By Andrew Cohen
Growing up in Honolulu, Shelby Nacino ’18 was routinely inspired by her father. The first person in his family to graduate from college and eventually law school, he motivated her to follow a similar passion for justice.
That led Nacino to Berkeley Law, where she dived into helping disadvantaged clients at the school’s legal clinics. She relished working within that “village of advocates,” and on April 16 was rewarded with Berkeley Law’s annual Sax Prize for Clinical Advocacy.

“A big part of why I’m standing here today is because of my dad’s good luck,” Nacino said in her acceptance speech. “But luck should not be a determining factor in any person’s life. Luck should not dictate a person’s ability to access education or a secure income. More fundamentally, nobody should be uncertain about whether they will have food to eat, whether they will have a place to sleep at night, or whether they will be safe. Yet every day, we work with people whose lives are routinely destabilized by events that are completely out of their control.”
Named for the late Brian Sax ’69, a respected San Francisco litigator and Berkeley Law lecturer, the prize honors a graduating legal clinic student who displays excellence in advocacy and professional judgment. Nacino was chosen from a group of nominated students from the school’s various clinics.
Her dizzying list of community-facing work included stints at the Policy Advocacy Clinic, Tenants’ Rights Workshop, and East Bay Community Law Center (EBCLC). There, her tenacity and dedication stood out within the Health & Welfare Program and the Community Economic Justice Clinic, which she said, “fundamentally challenged me to think about the kind of lawyer I want to be.”
The clinic strives to forge long-term solutions to poverty in the East Bay by promoting community and cooperative business development and affordable housing. It provides free legal advice, representation, and education to low‐income entrepreneurs, minority-owned businesses, and nonprofits.
Calling Nacino a “risk-taker of the best kind,” Director Jassmin Antolin Poyaoan praised her “unwavering commitment to build lasting power in the most underserved communities.”
At the Health & Welfare Program, Nacino helped a client (“Ms. K”) who was wrongfully evicted by her landlord, causing her to lose her housing subsidy. Because of her lack of housing, she was unable to live with her children—which exacerbated her severe depression—while also dealing with debilitating physical pain due to several chronic conditions.
“We won Ms. K’s appeal in large part due to her own testimony and her perseverance over almost a decade of fighting for benefits,” Nacino said. “Ms. K’s story is unfortunately not unique, and it showcases the incredible strength that so many of our clients embody.”
Honorable Mention award
Alison Ganem ’18 received the Sax Prize Honorable Mention Award for her diligent work at the Death Penalty Clinic. Working on behalf of an Alabama death-row client the clinic has represented for 16 years, she traveled to the state six times to obtain witness affidavits, collaborating with fellow clinic students on revising the client’s multi-generational life history—all 200 pages and 1,600 footnotes.
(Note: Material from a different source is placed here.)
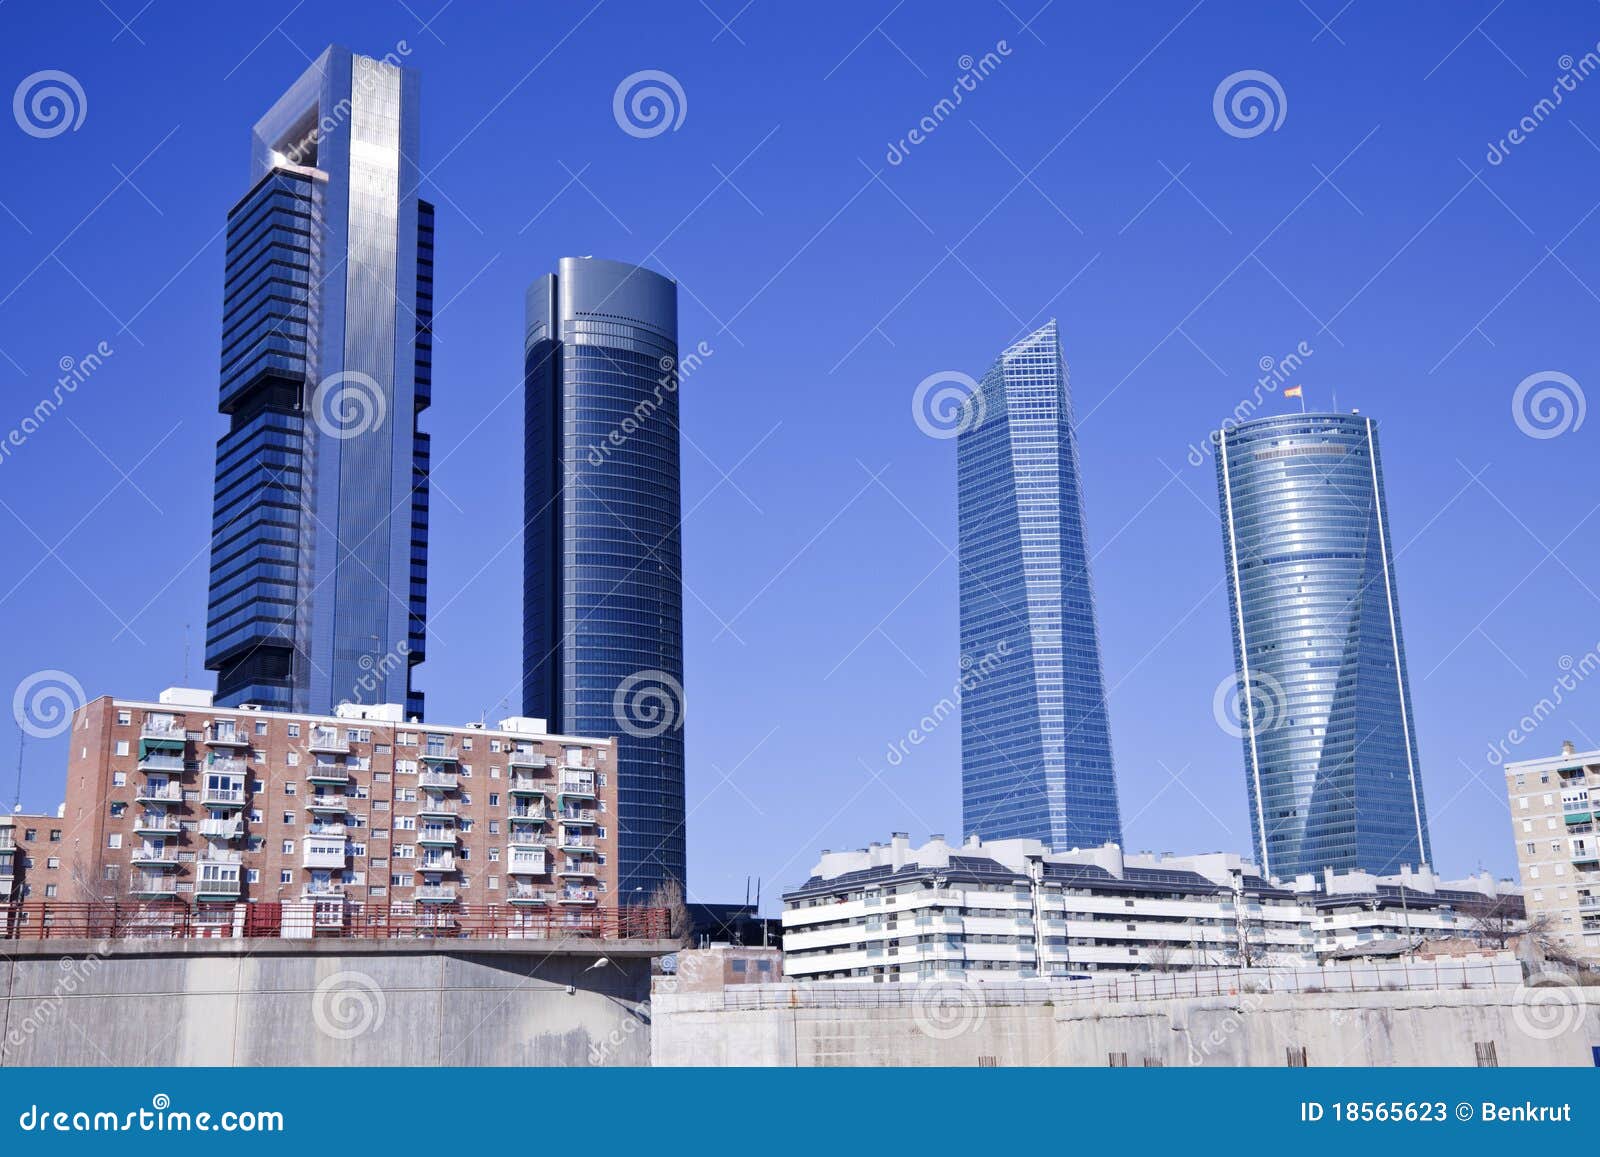 cuatro torres in madrid

Ganem also twice helped re-draft a petition for post-conviction relief, conducted rigorous hearing preparation, and consulted expert witnesses. This fall, she will embark on a two-year fellowship at the Equal Justice Initiative in Alabama.
In her remarks, Ganem decried “the violence that is done when the government seeks to kill human beings. This is a particularly insidious and treacherous form of violence that is at the crossroads of slavery, racial terrorism, and geography. It is a violence that pervades our entire criminal legal system, and that strips it of its thin veil of legitimacy.”
Praising Ganem’s “generosity of spirit, her creativity, and her ferocious work ethic,” Death Penalty Clinic director Elisabeth Semel said she is “thoughtful about the narrative—the witness’ voice if the document is an affidavit, the audience, and the client in everything she writes. She is equally thoughtful and compassionate when interviewing witnesses about highly sensitive topics.”
Ganem thanked Clinic Associate Director Ty Alper (“my first and best mentor at Berkeley Law”), Teaching Fellow Kathryn Miller ’07 (“I’ve never known a person who more elegantly embodies the intersection of fierceness and compassion”), and Semel—telling her “of all the lawyers I’ve ever known, your brilliance, kindness, and devotion are unparalleled.”
Earlier in the ceremony, Kathryn Miller ’07 (Death Penalty Clinic), Claudia Polsky ’96 (Environmental Law Clinic), Katrina Natale ’15 (International Human Rights Law Clinic), Ahmed Lavalais ’17 (Policy Advocacy Clinic), Catherine Crump (Samuelson Law, Technology & Public Policy Clinic), and Seema Patel ’06 (EBCLC) recapped their students’ many accomplishments over the past year.